How would you assess the likelihood that the FTT would cause financial services to relocate outside the EU, or contribute to a migration of financial transactions towards less regulated parts of the financial sector? Does the UK experience with the stamp duty demonstrate that a modest FTT is not inconsistent with maintaining a successful stock exchange?
14.
Will the FTT duplicate existing taxes in countries which have already implemented a bank levy, such as the UK?
Implementation
15.
Could such an FTT be plausibly introduced at an EU level, or would an FTT only be effective if introduced globally? Should an FTT be introduced at EU level regardless of whether it is introduced at a global level? In the event that an FTT is not introduced at EU level, would there be a case for its implementation by euro area countries alone?

http://www.parliament.uk/documents/lords-committees/eu-sub-com-a/FinancialTransactionTax/CfEFTT.pdf
 
I thought this was interesting:

H.K. Tops US, UK in Financial Market Growth:

http://www.bloomberg.com/news/print/2011-12-14/h-k-tops-u-s-u-k-in-financial-market-growth.html

"Hong Kong topped the World Economic Forum’s 2011 index of financial market development, supplanting the U.S. and U.K. from the highest rankings for the first time."

"The U.S. and U.K. each dropped one place from last year to rank second and third respectively in the forum’s fourth annual Financial Development Report published yesterday.
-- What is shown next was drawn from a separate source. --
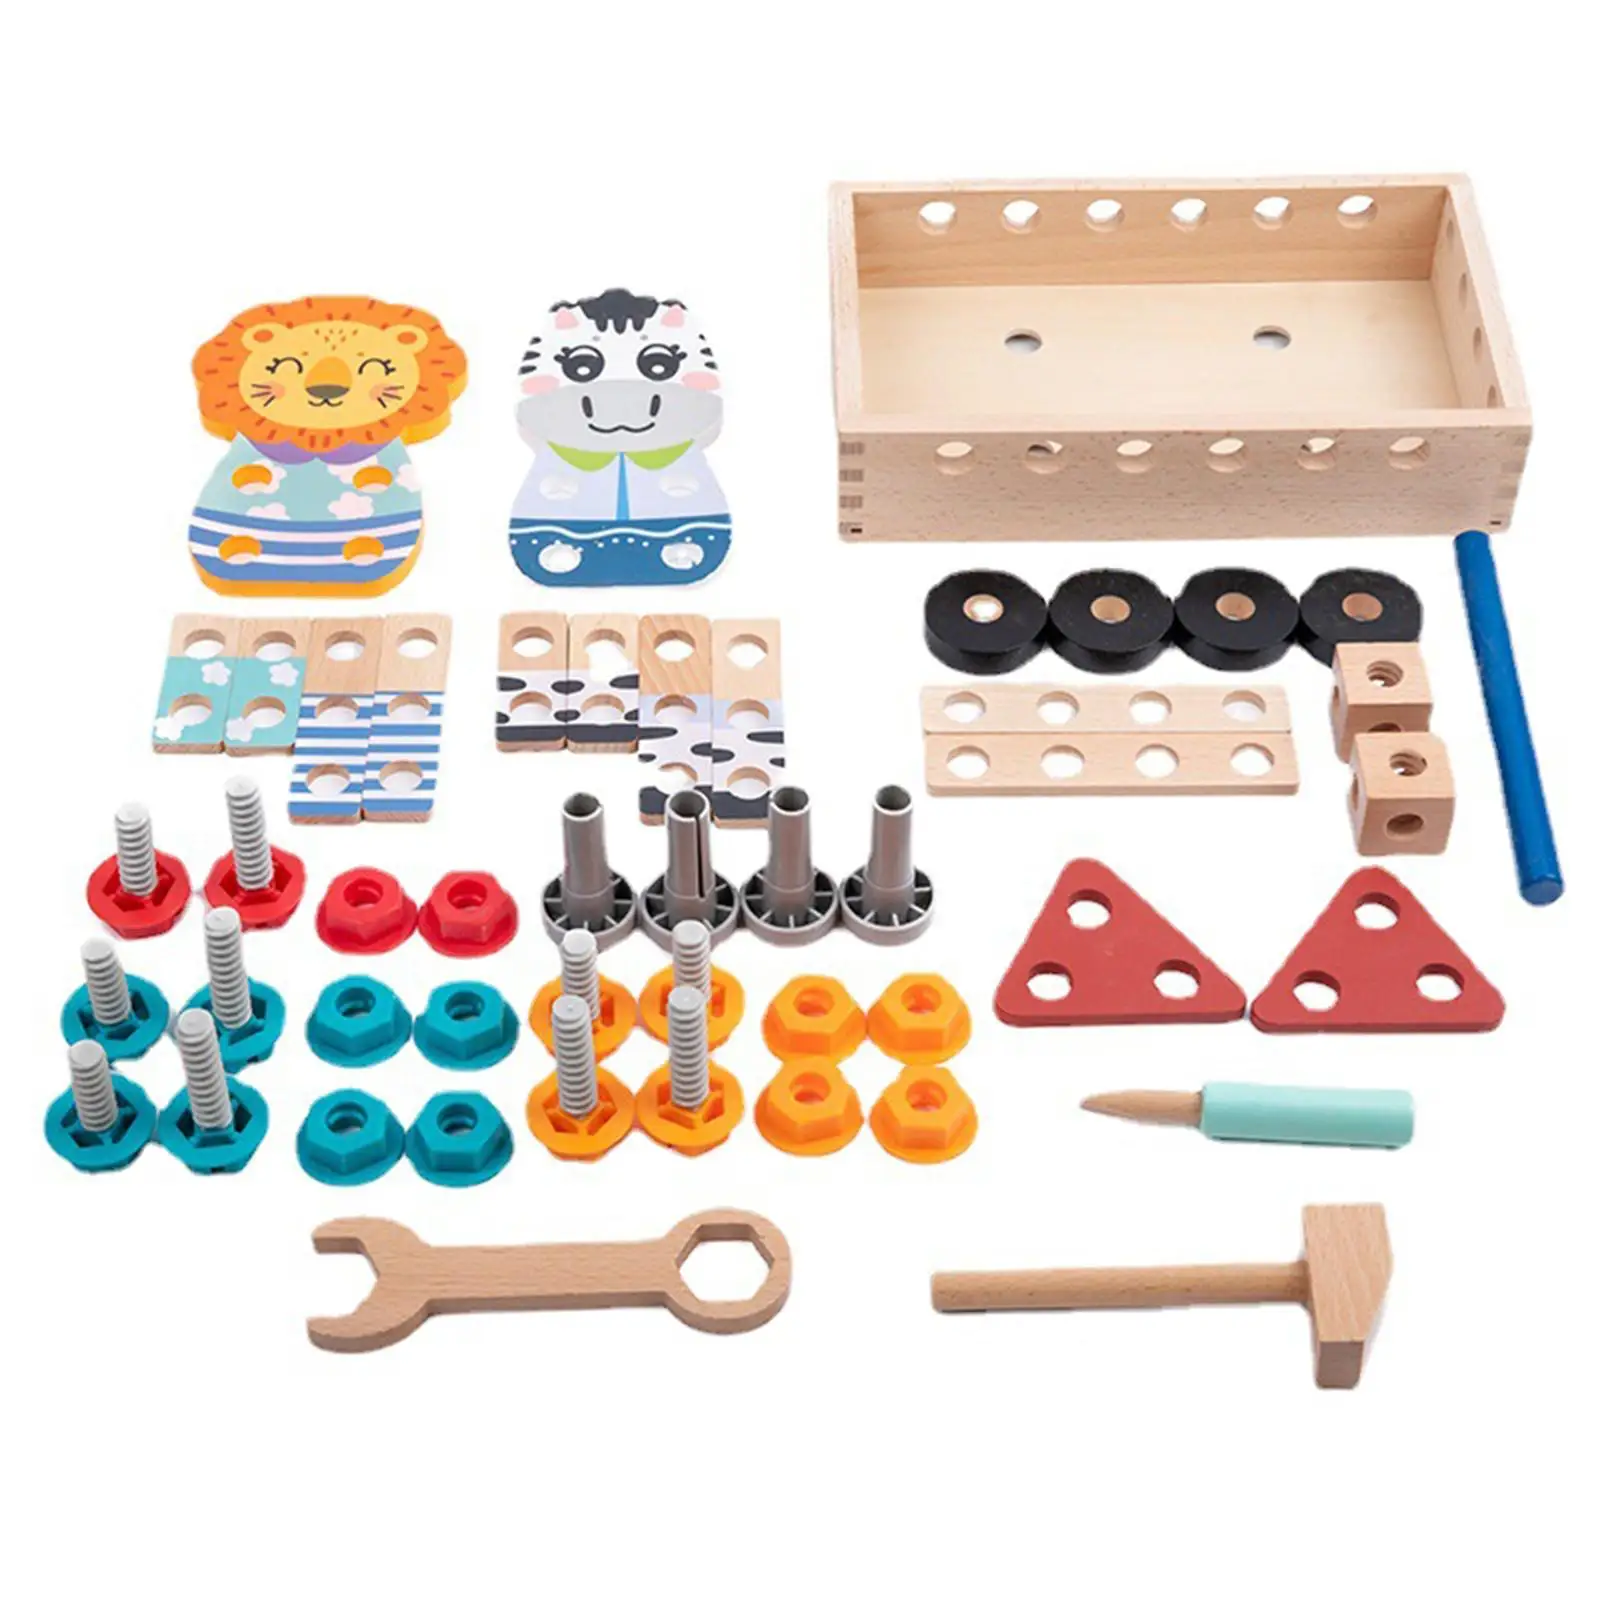 DIY Construction kids Toolbox Set for Activities Education Role Play

Hong Kong jumped from fourth, making it the first Asian financial center to lead the 60-country index, helped by non-banking services such as initial public offerings and insurance, it said."

“We are working very hard to maintain Hong Kong’s competitive advantages and increase Hong Kong’s capital markets,” K. C. Chan, the city’s secretary for financial services and the Treasury, said today. “In the future years, developing Hong Kong’s renminbi business will give our financial center an additional boost.”



I'm sure Hong Kong would be more than happy to take on more financial transactions if some country is stupid enough to enact a ftt:)

-Guru
 
Had a quick skim through the written testimony, the Welcome Trust (which has $20billion itself) reckons european charities have $250 billion in investment assets and says the following:

If a FTT is introduced, we would argue that it should not apply to charities

These charities are so hypocritical, they seem to be ok with the FTT as long as they dont have to pay it.